Investigation on the flow behavior and mechanisms of water flooding and CO2 immiscible / miscible flooding in shale oil reservoirs

Shale reservoirs represent a significant untapped source of recoverable oil, and even a slight increase in recovery can yield substantial benefits. In recent years, there has been a growing interest in the development of shale reservoirs due to their vast potential. Shale reservoirs are characterized by their intricate pore structures, ultra-low porosity, and extremely low permeability. Consequently, fluid flow within shale formations is highly complex, and the distribution of shale oil is diverse. There is an urgent need to conduct research into the flow behavior of shale reservoirs and the modes of crude oil occurrence within them, in order to support effective shale oil extraction in the field.
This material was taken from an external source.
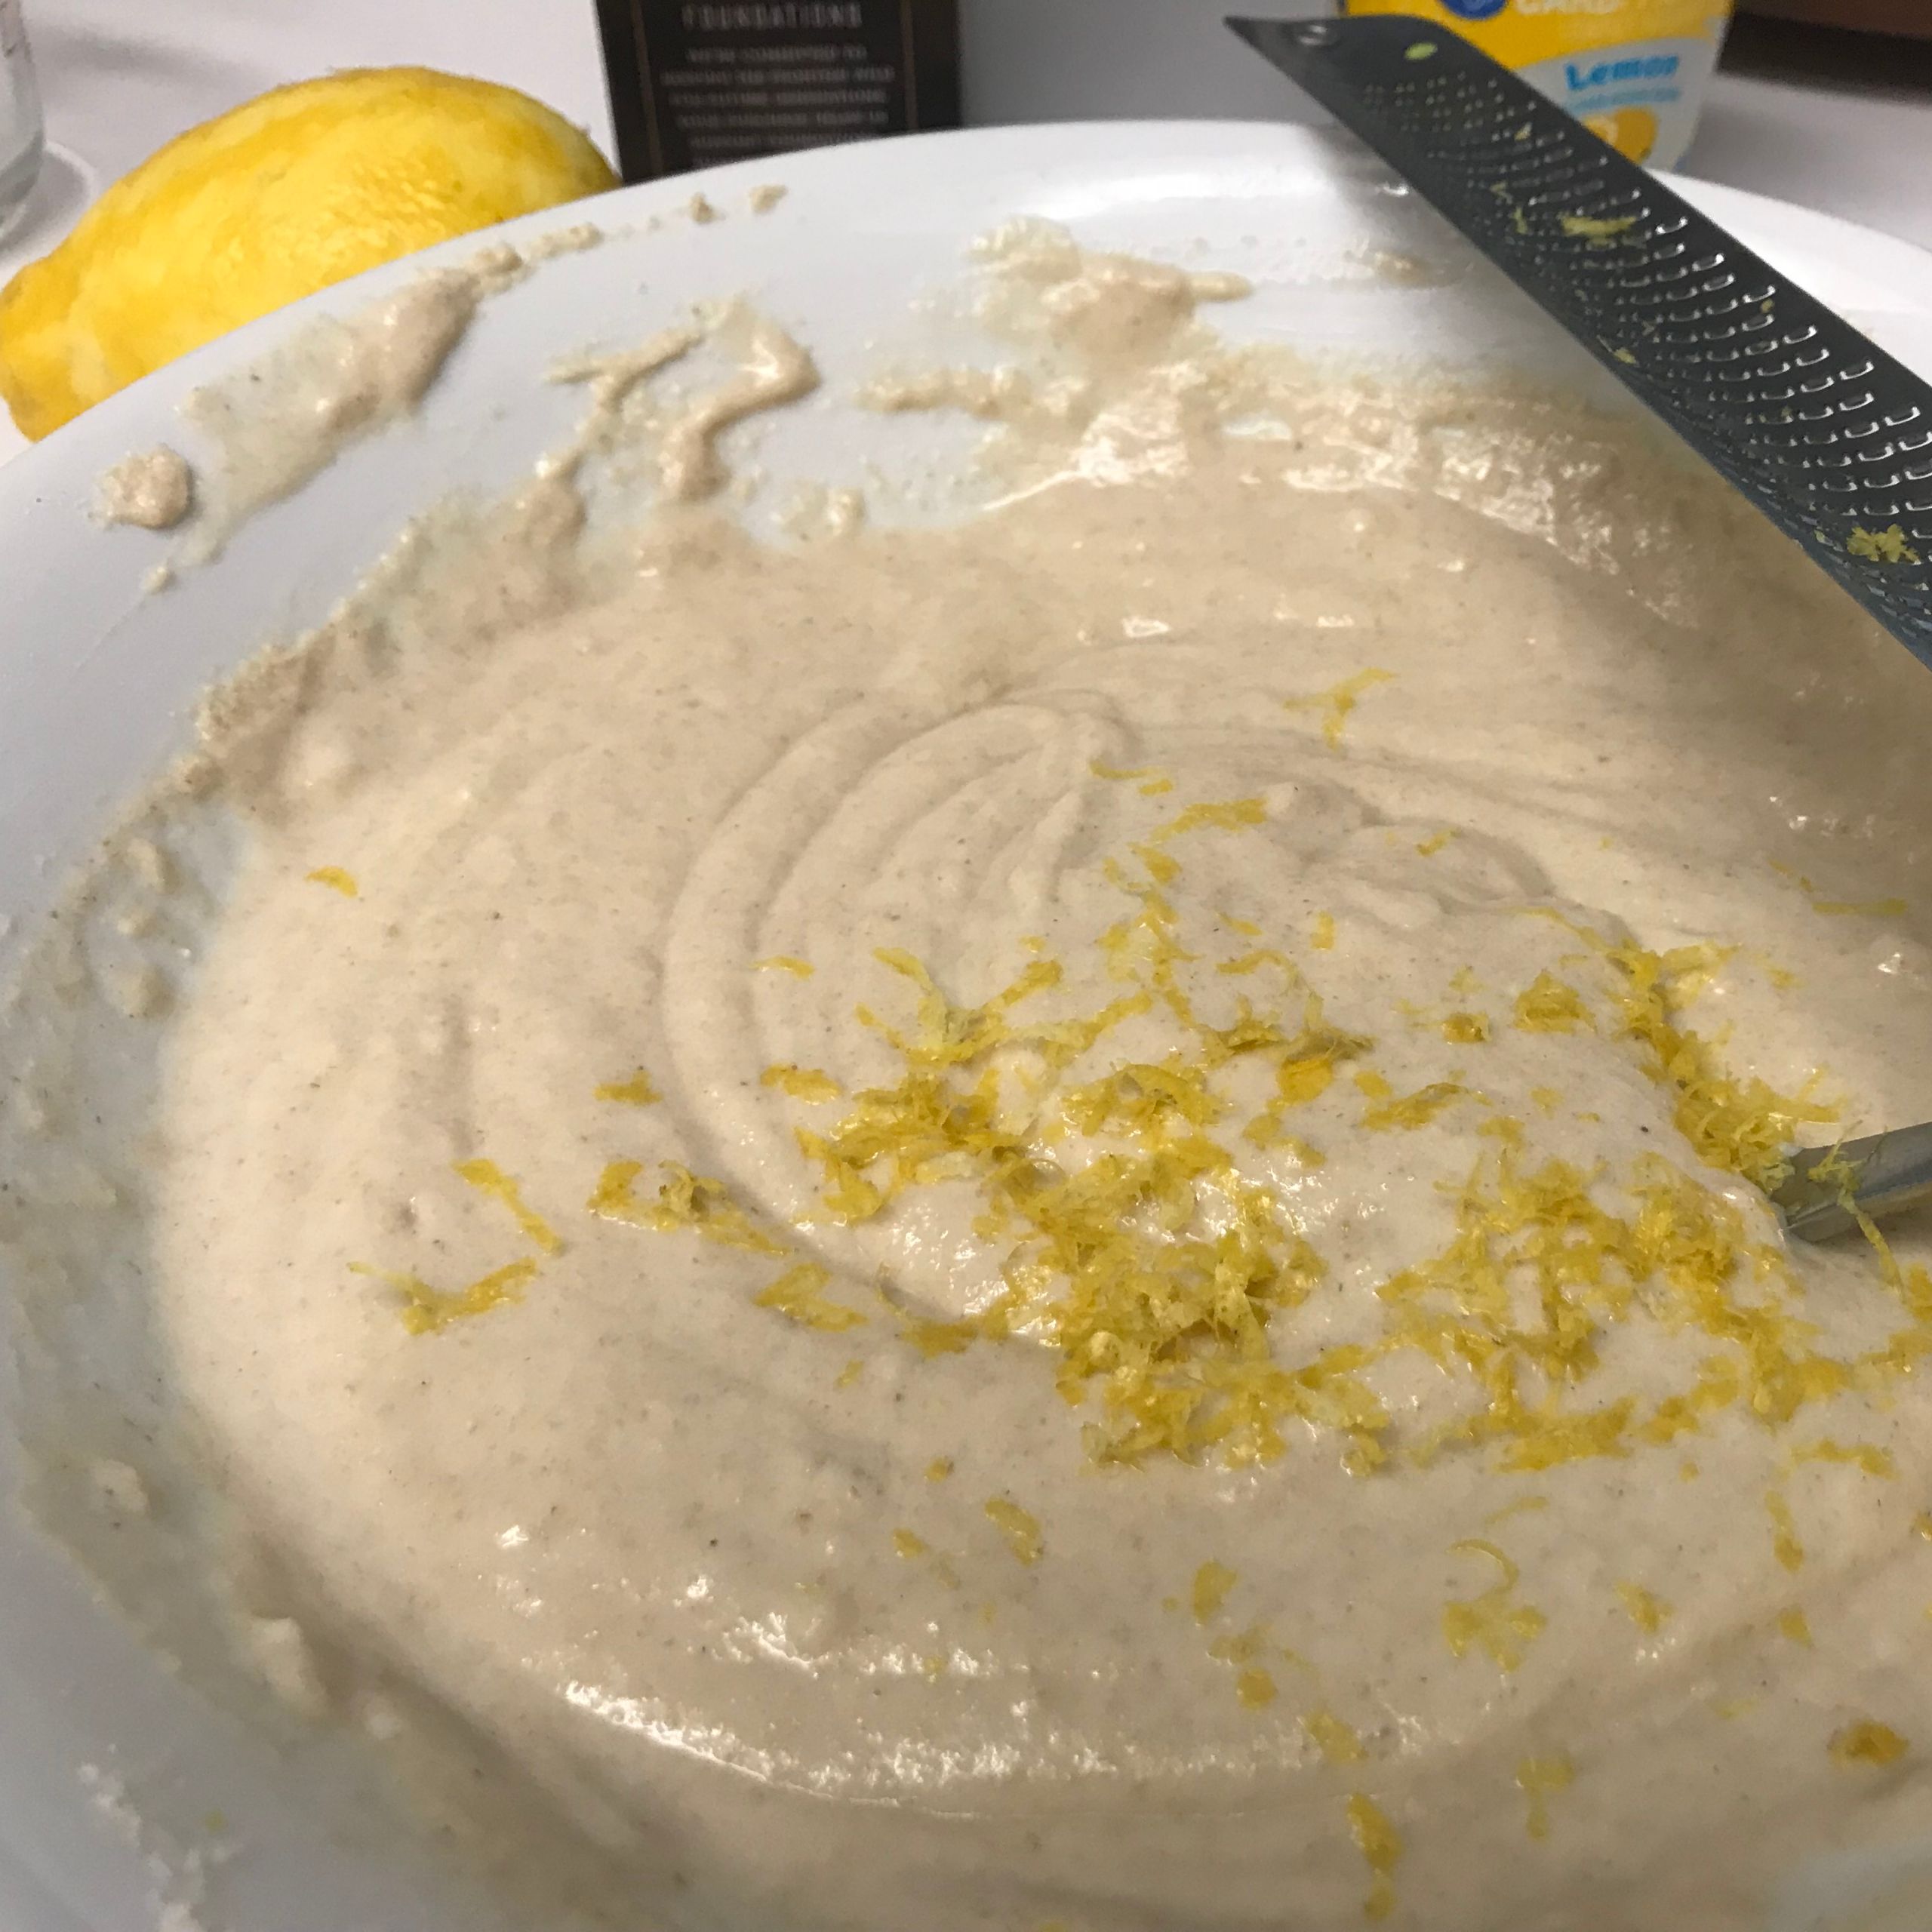 kodiak cake mix and lemon zest batter

In this work, we established a MCMP-MRT-LBM model considering nano-scale confinement effects such as slip and adsorption. The model is employed to simulate single pore channels and blind-end pores to investigate the distinct mechanisms involved in water flooding, CO2 immiscible flooding, and CO2 miscible flooding. Subsequently, the research explores the fluid flow characteristics associated with these three development methods within porous media, as well as the distribution of remaining oil. Then we compared the oil displacement efficiency, swept volume, actual liquid injection volume and displacement front position of the three fluids in porous media. The results reveal that water flooding exhibits superior displacement performance in single pore channels, while CO2 miscible flooding proves to be the most effective method for exploiting oil in blind-end pores. In porous media, CO2 miscible flooding successfully mitigates fingering phenomena and efficiently recovers crude oil located at blind-end and corner regions of the pores. The recovery efficiency achieved through CO2 miscible flooding is approximately 30% higher than that of water flooding and about 10% greater than CO2 immiscible flooding.